Planova™ Webinar – Addressing Continuous Bioprocessing Challenges From Virus Removal Perspective

This webcast features: Kathleen McLaughlin, Senior Scientist, BioProcess R&D, Merck & Hironobu Shirataki, PhD, Senior Consultant, Scientific Affairs, Global Marketing, Bioprocess Division, Asahi Kasei Medical.

There are two presentations during this webcast.

Evaluation of the Planova™ BioEX Virus Removal Filter in Continuous Bioprocessing of a Monoclonal Antibody by Kathleen McLaughlin

Standard batch monoclonal antibody biologics manufacturing processes are costly and time-consuming. A switch to intensified continuous processing enables much higher productivity, notably > 1.5 g/L/day over 25+ days of bioreactor and 17+ days of downstream operation.
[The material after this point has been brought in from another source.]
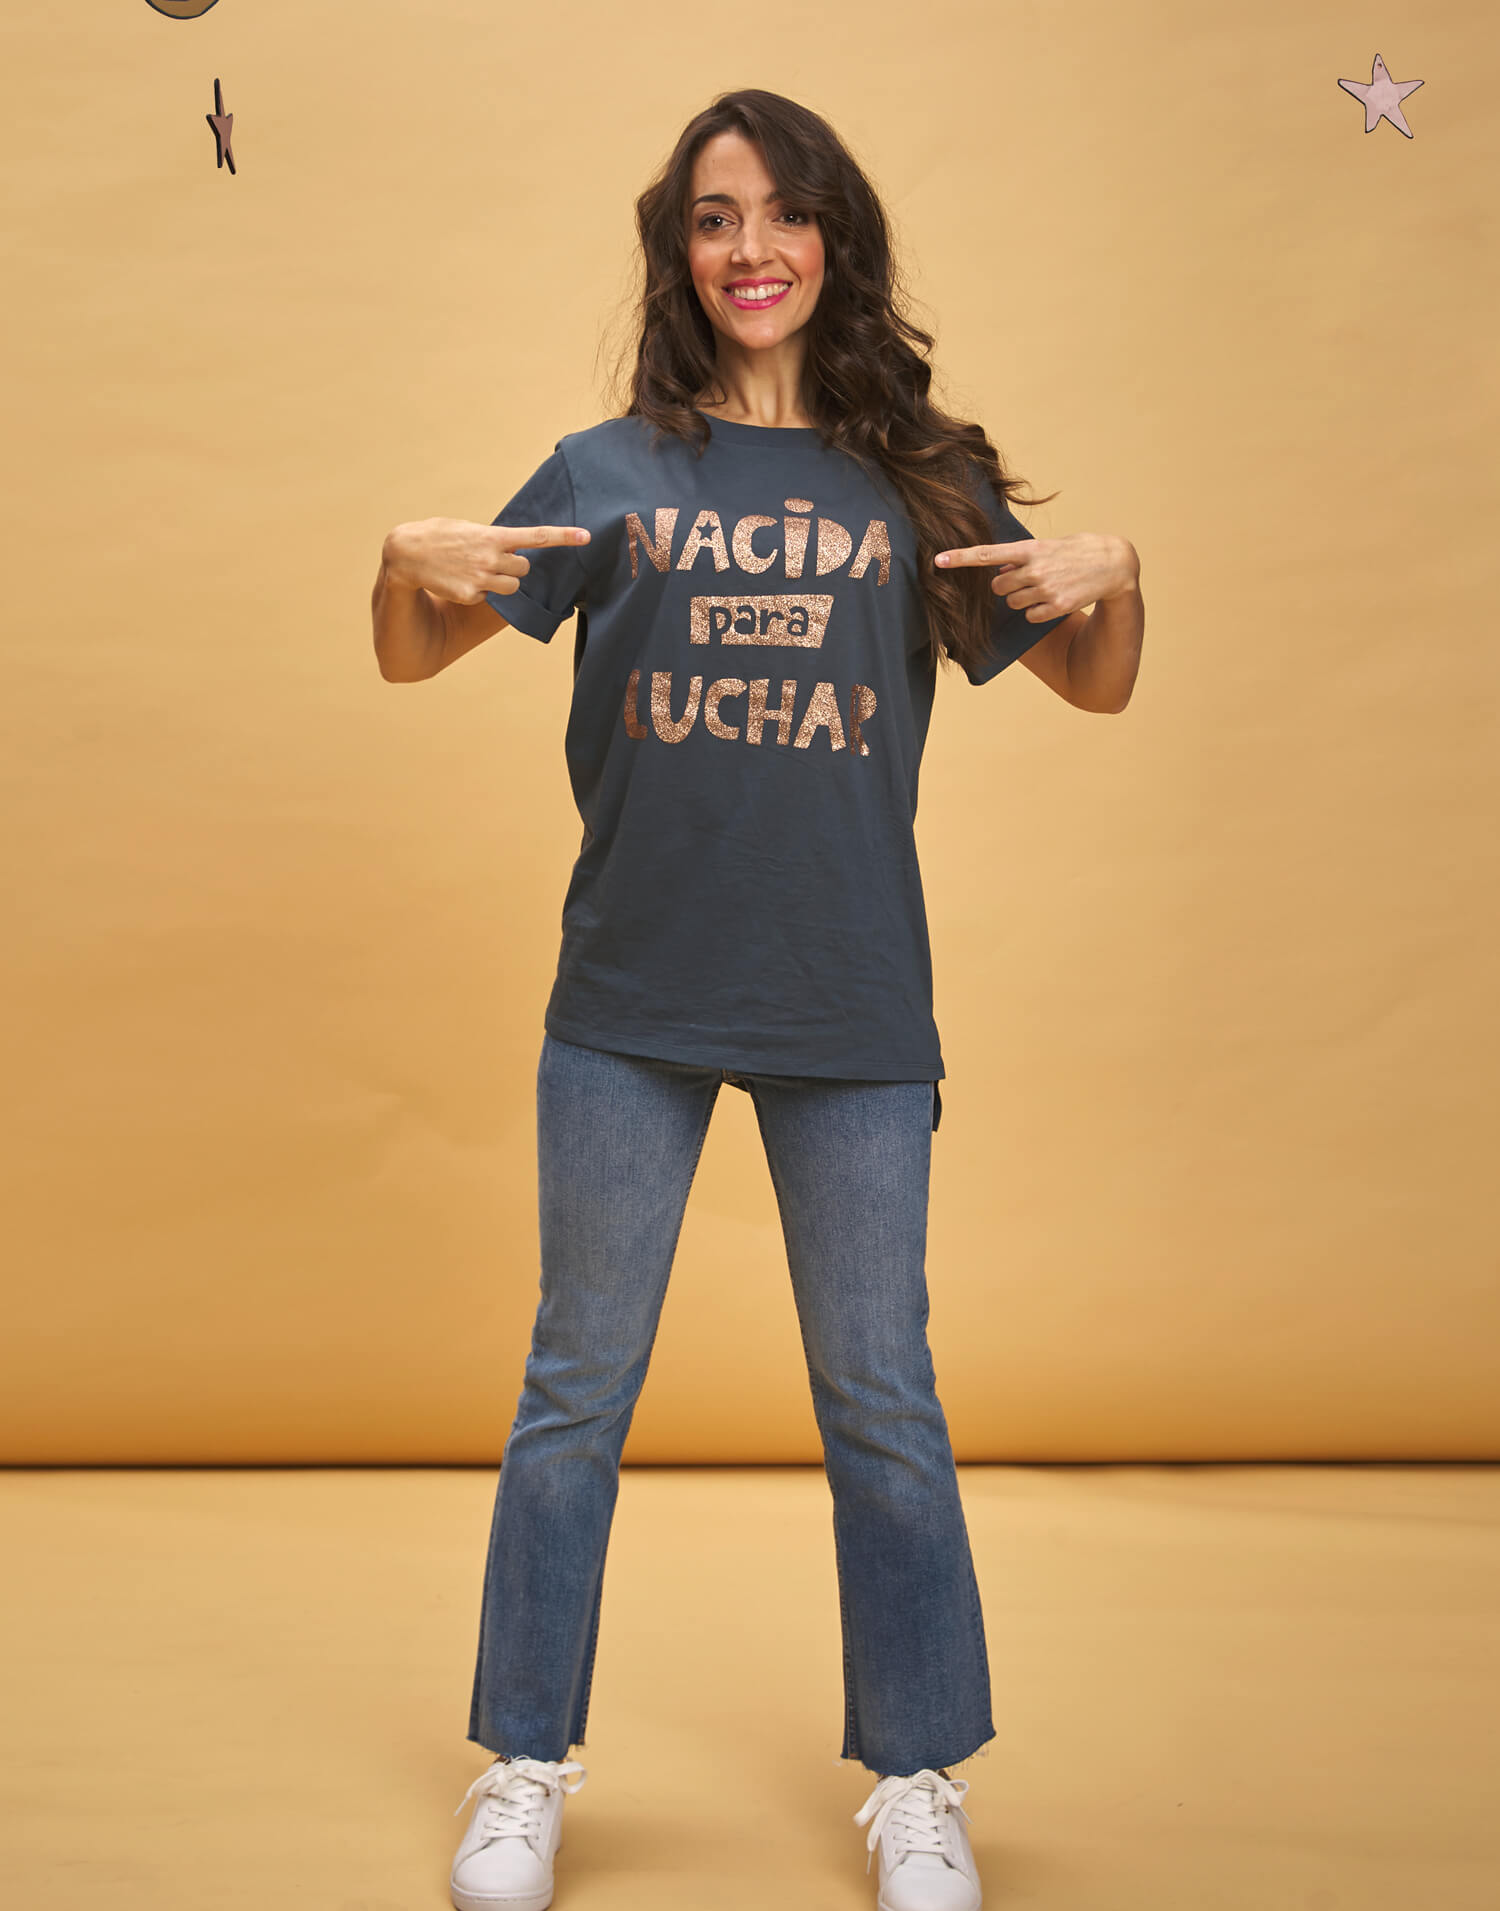 Camiseta de mujer 'Nacida para luchar'

Our innovative platform has been tested across multiple scales and locations. It automatically operates end-to-end between staggered startup and shutdown operations. After the upstream process starts and specific thresholds are reached, the downstream process is automatically initiated. When stable mass throughput is achieved, the next unit operation begins.

Key challenges during continuous manufacturing include managing process pauses, particularly critical for viral clearance and handling frequent filter switches from an operational perspective.

This presentation will provide an overview of Merck’s continuous manufacturing strategy with a focus on the process development of the viral filtration step. This includes an evaluation of the load amount, pH, and conductivity across two nanofilters, with load pH being the most significant factor. This resulted in the selection of Planova BioEX as the virus removal filter and its use (one of the first to our knowledge) in a continuous manufacturing run over 21 days.

Constant Flow Rate Viral Clearance Study of Planova™ BioEX and S20N Virus Removal Filter and Implementation into an End-to-End continuous Process for MAb Purification by Hironobu Shirataki, PhD

Virus filtration is located at the end of downstream processing and is a critical step in removing viruses from biopharmaceutical products. However, research and technological developments for integrating virus filtration into continuous processes are still ongoing. One suggested solution is integrating filters after column chromatography processes, but there are challenges such as balancing throughput capacity and flow rate across the system, process pauses affecting virus filter robustness, and pressure stability in long duration filtrations.

We investigated the filtration behavior and virus removal capability for a monoclonal antibody (MAb) process in an integrated column chromatography and virus filtration setup under constant flow rate. Mixed-mode AEX and modified CEX columns were run in-series in a pool-less integrated setup with a 0.0003 m2 Planova BioEX virus filter connected.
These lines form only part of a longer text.